Rencana Perppu Reformasi Sistem Keuangan Dinilai Ciptakan ‘Diktator’ Keuangan

foto : ilustrasi (ist)

Pasardana.id - Rencana Penerbitan Peraturan Pemerintah Pengganti Undang-Undang (Perppu) Reformasi Sistem Keuangan dinilai akan menciptakan 'diktator' keuangan dan berpotensi melanggar Undang Undang Dasar 1945.

Demikian disampaikan Ekonom Indef, Drajad H. Wibowo dalam diskusi virtual, Selasa (01/9/2020).

“Ada tujuh alasan Perppu Reformasi Keuangan itu tidak masuk akal. Misalnya, rencana reformasi Sistem Keuangan dan berpasangan Perppu Nomor I Tahun 2020 tentang Kebijakan Keuangan Negara akan berpotensi menciptakan ‘Diktator' keuangan, sebab tanpa pengawasan DPR,” jelas dia.

Ia menambahkan, dalam kondisi pandemi Covid-19 yang mendorong krisis ekonomi, tidak ada satupun negara yang melakukan perombakan sistem keuangan. Hal yang sama juga berlaku pada negara yang mengalami pertumbuhan ekonomi minus.

“Amerika Serikat, China, Inggris tetap mempertahan sistem pengawasan sektor keuangan seperti yang ada,” jelas dia.

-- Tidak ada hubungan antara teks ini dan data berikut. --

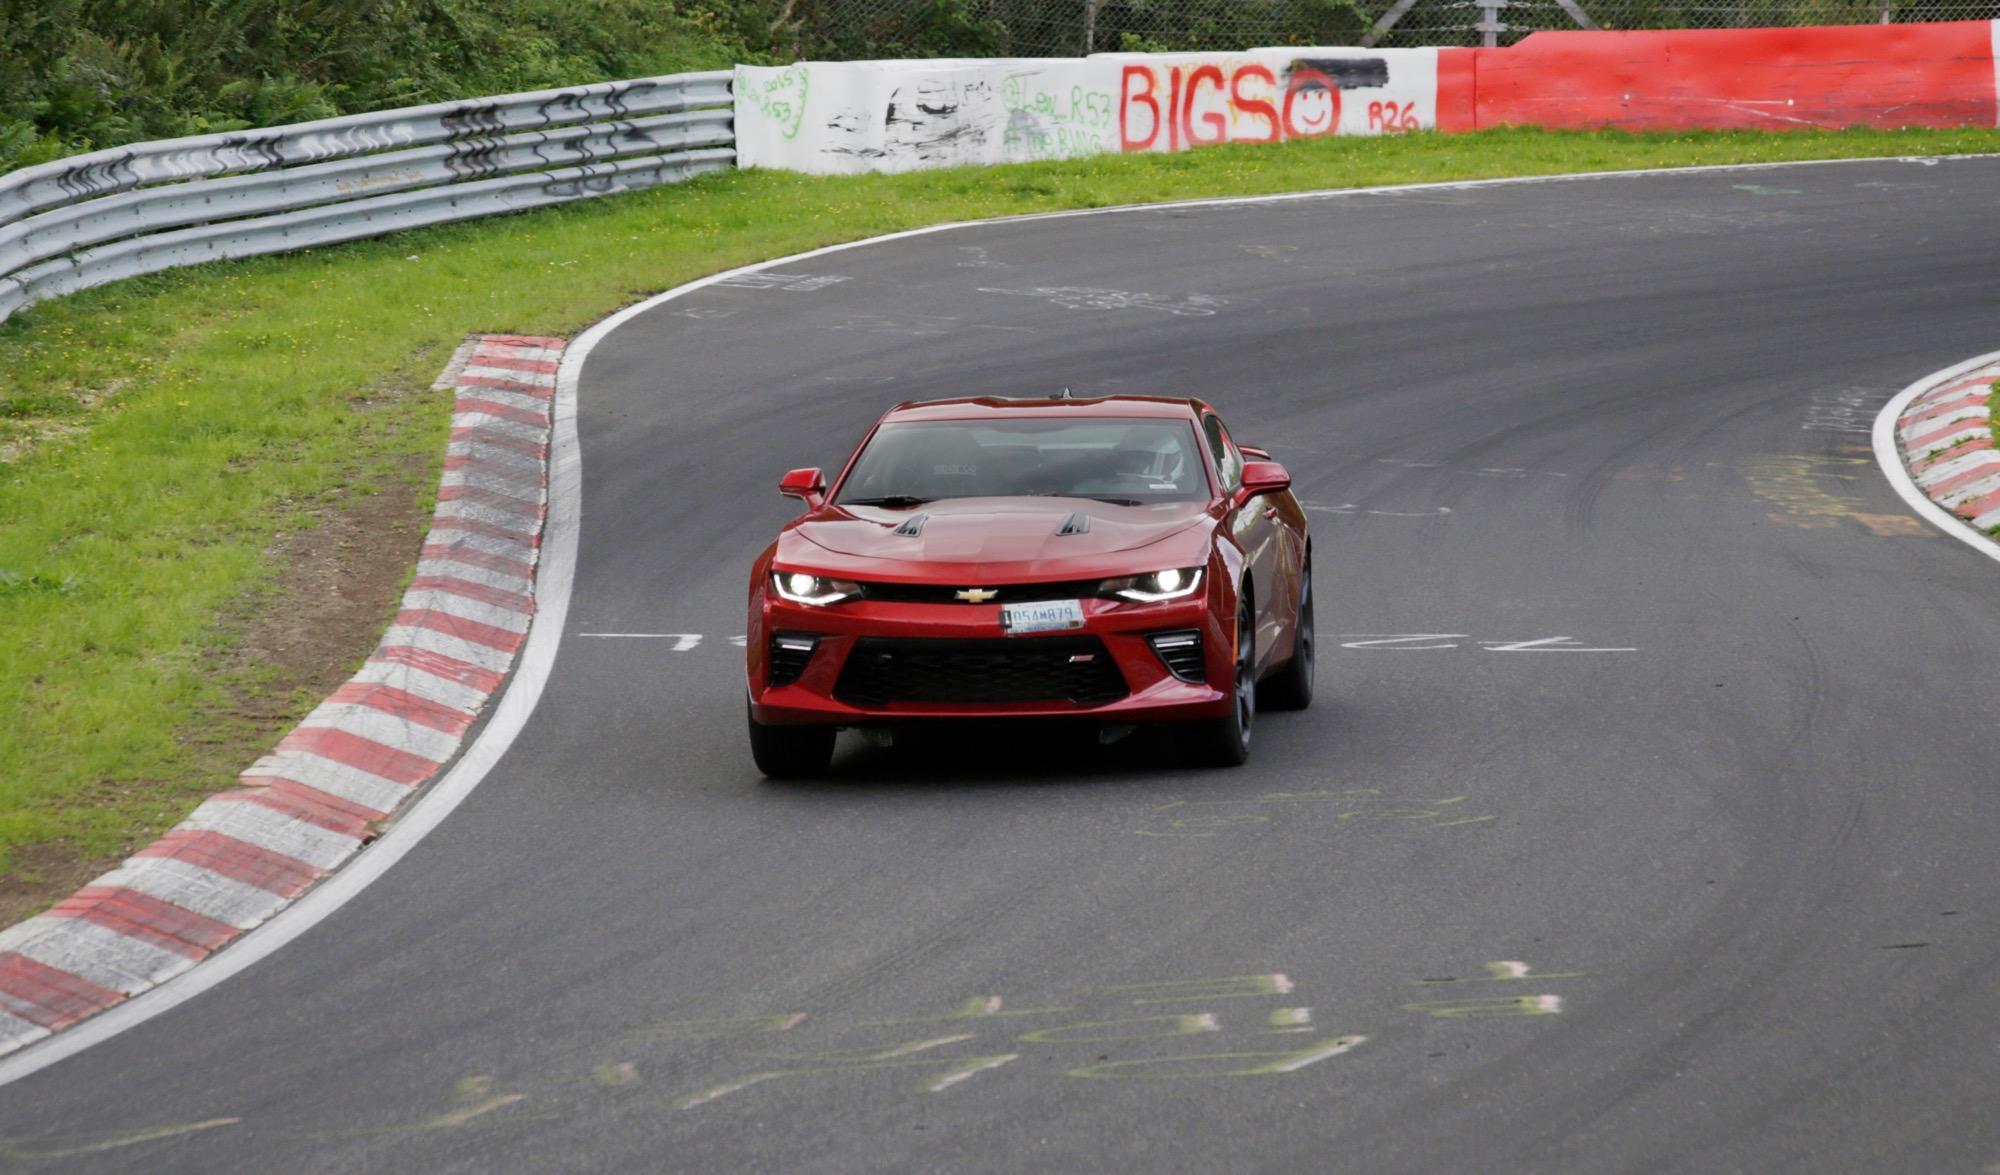 Nurburgring Spy Footage Scoop Alfa Romeo Quadrifolglio

Disamping itu, lanjut dia, perombakan sistem keuangan bukan praktek terbaik atau best practice dalam menghadapi krisis ekonomi. Sehingga jika pemerintah benar-benar menerbitkan Perppu Reformasi Keuangan maka pemerintah diduga sedang panik.

“Padahal yang harus pemerintah siapkan adalah ketersediaan dan mekenisme PEN (Pemulihan Ekonomi Nasional), Tapi kan memang sedang bermasalah dengan penerimaan yang selalu short fall,” jelas dia.

Menurut Drajat, dengan pemangkasan kewenangan otoritas Moneter dan Keuangan akan mengembalikan Bank Indonesia pada zaman sebelum reformasi.

“Bisa muncul lagi kasus BLBI (Bantuan Likuiditas Bank Indonesia), sehingga BI kembali ke jaman jahiliyah,” jelas dia.

Lebih lanjut ia menyarankan, agar pemerintah lebih memilih untuk penguatan Lembaga Komite Stabilitas Sistem Keuangan yang didalamnya terdapat Otoritas Jasa Keuangan (OJK), Bank Indonesia (BI), LPS (Lembaga Penjamin Simpanan) dan Menteri Keuangan.

“Misalnya dengan perampingan lembaga dan memastikan ketersedian dana PEN,” tegas dia.

Dikesempatan yang sama, Managing Director Political Economy & Policy Studies, Anthony Budiwan menilai, penerbitan Perppu Reformasi Sistem Keuangan berpotensi melanggar Undang Undang Dasar 1945 sehingga membuka peluang pemakzulan Presiden Joko Widodo.

“Alasannya, pemerintah sudah merencanakan penerbitan Perppu. Padahal Perppu itu diterbitkan kalau negara dalam kondisi genting. Tapi kalau sudah direncanakan, maka itu ada niat untuk tidak di kontrol legislatif,” jelas dia.